News Feature | August 28, 2014

FDA Approves GSK's Promacta Label Expansion In SAA

By Estel Grace Masangkay

GlaxoSmithKline reported that the U.S. Food and Drug Administration (FDA) has approved the supplemental New Drug Application (sNDA) for the additional indication of Promacta (eltrombopag) in patients with severe aplastic anemia (SAA) who have had an inadequate response to immunosuppressive therapy (IST).

Eltrombopag is indicated for the treatment of thrombocytopenia in certain patients with chronic immune (idiopathic) thrombocytopenia (ITP) or chronic hepatitis C. The FDA designated eltrombopag Breakthrough Therapy status in January.
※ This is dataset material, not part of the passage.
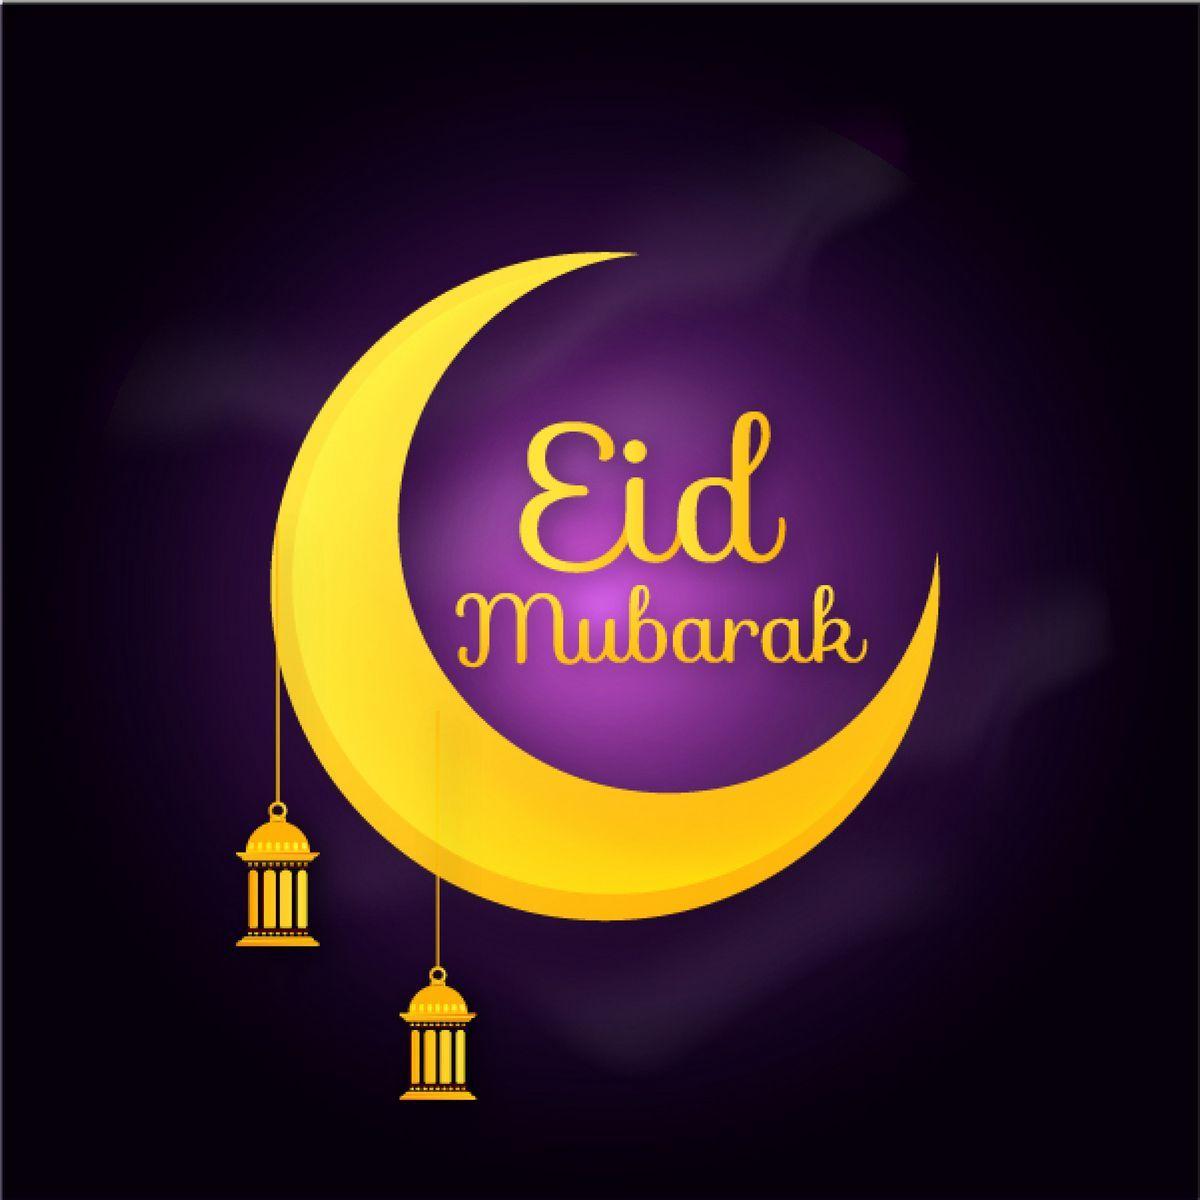 Advance Eid Mubarak 2019 Images Wallpapers Eid Al Fitr Tips 1200x1200

GSK and its collaborator Ligand Pharmaceuticals’ application was also accepted for Priority Review in April.

Dr. Paolo Paoletti, President of Oncology at GSK, said, “Through collaboration with the National Institutes of Health, whose studies demonstrate the potential for Promacta to achieve a hematologic response in at least one lineage – red blood cells, platelets, or white blood cells – patients now have a treatment option where one didn’t previously exist.”
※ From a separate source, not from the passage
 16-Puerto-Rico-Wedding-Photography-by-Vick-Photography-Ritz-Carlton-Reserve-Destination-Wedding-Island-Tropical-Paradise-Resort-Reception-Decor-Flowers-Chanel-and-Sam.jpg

Severe aplastic anemia is a rare and life-threatening blood disorder in which the bone marrow’s ability to produce red blood cells, platelets, and white blood cells is diminished. The cause of SAA is yet to be completely understood but is considered to be triggered by an autoimmune response wherein the immune system attacks the blood-forming stem cells in the bone marrow. Patients with SAA are at risk for serious infections or bleeding. Around 300 to 600 new cases of SAA are diagnosed every year in the U.S.

Standard treatments include immunosuppressive therapy (IST) or hematopoietic stem cell transplantation. As of present, SAA patients who had insufficient response to IST or are ineligible for hematopoietic stem cell transplantation have no established standard of care options.

Eltrombopag’s approval was based on the positive results of the single center, single arm, open label Phase II study where eltrombopag achieved a hematologic response in patients treated with the drug. The study was sponsored and conducted by the National Heart, Lung, and Blood Institute (NHLBI) at the National Institutes of Health (NIH).